Equipping Sonopill for treatment

The Sonopill team is investigating the potential to use ultrasound for targeted drug delivery.

"There is a whole hinterland of targeted drug delivery with ultrasound, but it's taking a long time. The capsule may be something where it actually takes off because it's difficult to see alternatives that work in the gut," says Professor Cochran.

Ultrasound can stimulate tissue to allow drugs to be absorbed by affected areas more effectively and accurately. This could have significant advantage in parts of the body, such as the gastrointestinal tract, which are layered with mucus that can influence the effectiveness of a treatment. Focused ultrasound generates precisely calibrated effects which can penetrate these layers.

Future use

But the vision of a capsule that integrates capabilities to image the gut, analyse and diagnose diseased tissue, apply fluorescent markings to target areas, collect and communicate data, as well as apply treatments is perhaps unnecessarily arduous as an engineering challenge. All these modes need power, they need to be integrated, the device needs accurate movement to deploy these functions effectively, and most of all, all this technology needs to fit into the space of a tiny capsule.
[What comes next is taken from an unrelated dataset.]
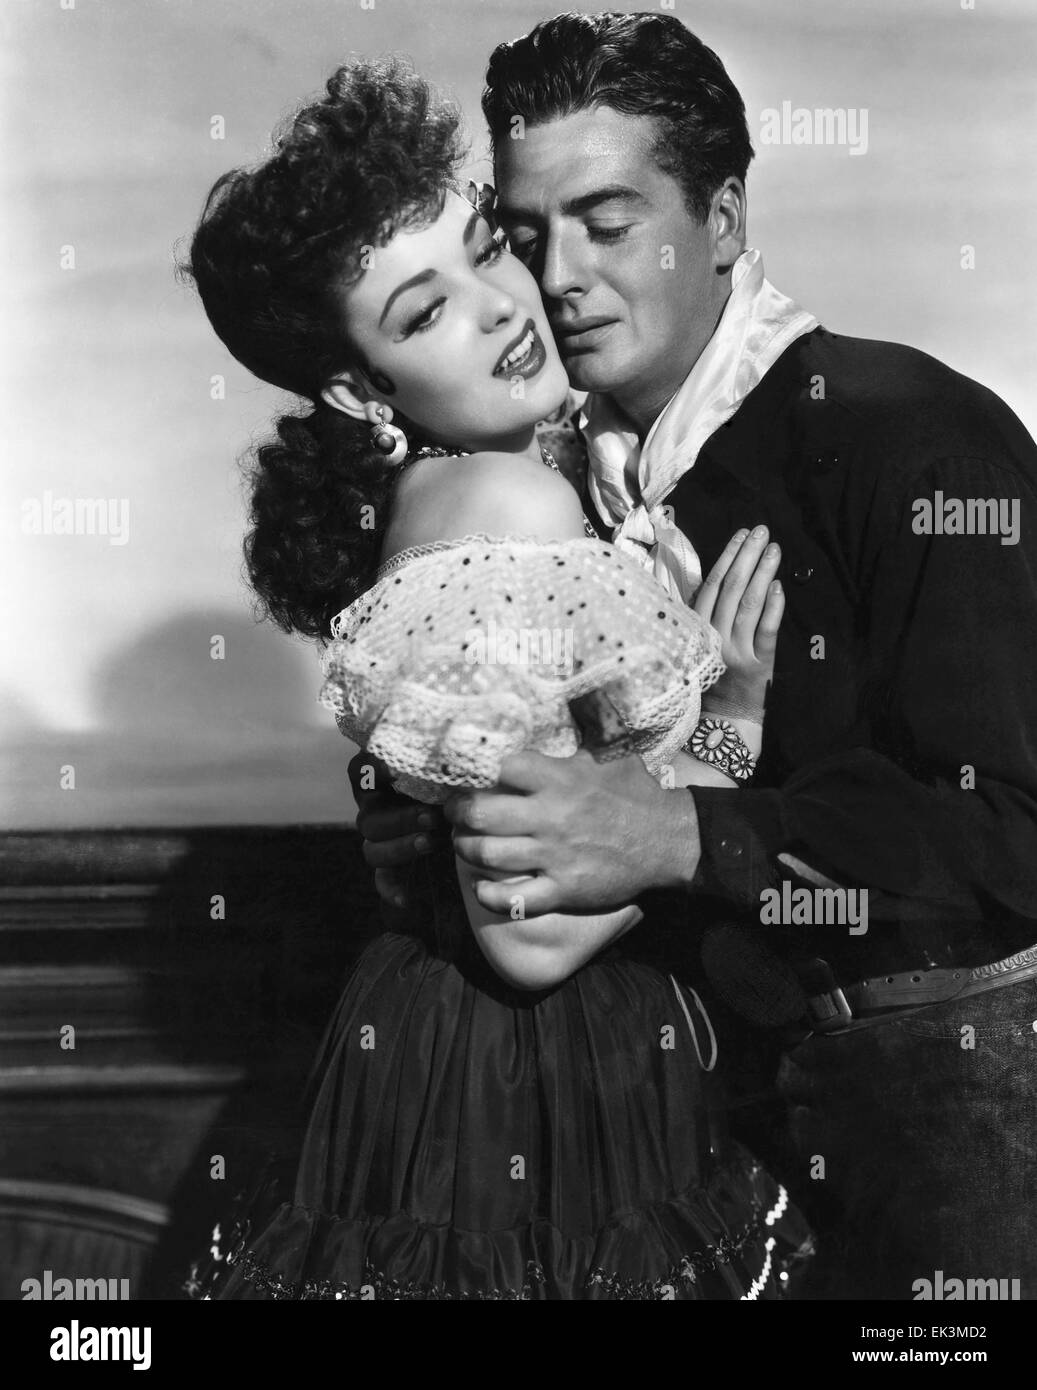 Linda Darnell, Victor mature, sur-ensemble du film 'My Darling Clementine', 1946, 20th Century Fox Film Corp. Tous droits réservés Banque D'Images

Even in isolation, many of these requirements are testing the limits of microengineering for circuits, power, robotics and ultrasound transducers. Taken collectively, the challenge is vast.

Part of designing a multimodal capsule is understanding how the capabilities available are best applied therapeutically. The ultimate vision is likely to be a suite of complementary capsules that split up and share some of the functions such as diagnosis and treatment.

Professor Cochran explains a long-term vision for how this might be applied:

"You swallow the first capsule; it's the diagnostic one. It travels through your gut, it finds inflammation associated with Crohn's disease. Then it potentially marks that inflammation with fluorescent markers. Then you swallow another capsule that can detect the markers. It isn’t smart enough to do the full diagnosis but it can detect the markings and apply a drug there with the help of ultrasound. Then you swallow another one that checks the treatment has been effective."

"This sounded fanciful to me when the programme started. Now it feels like we're in the vanguard of something that's going to happen."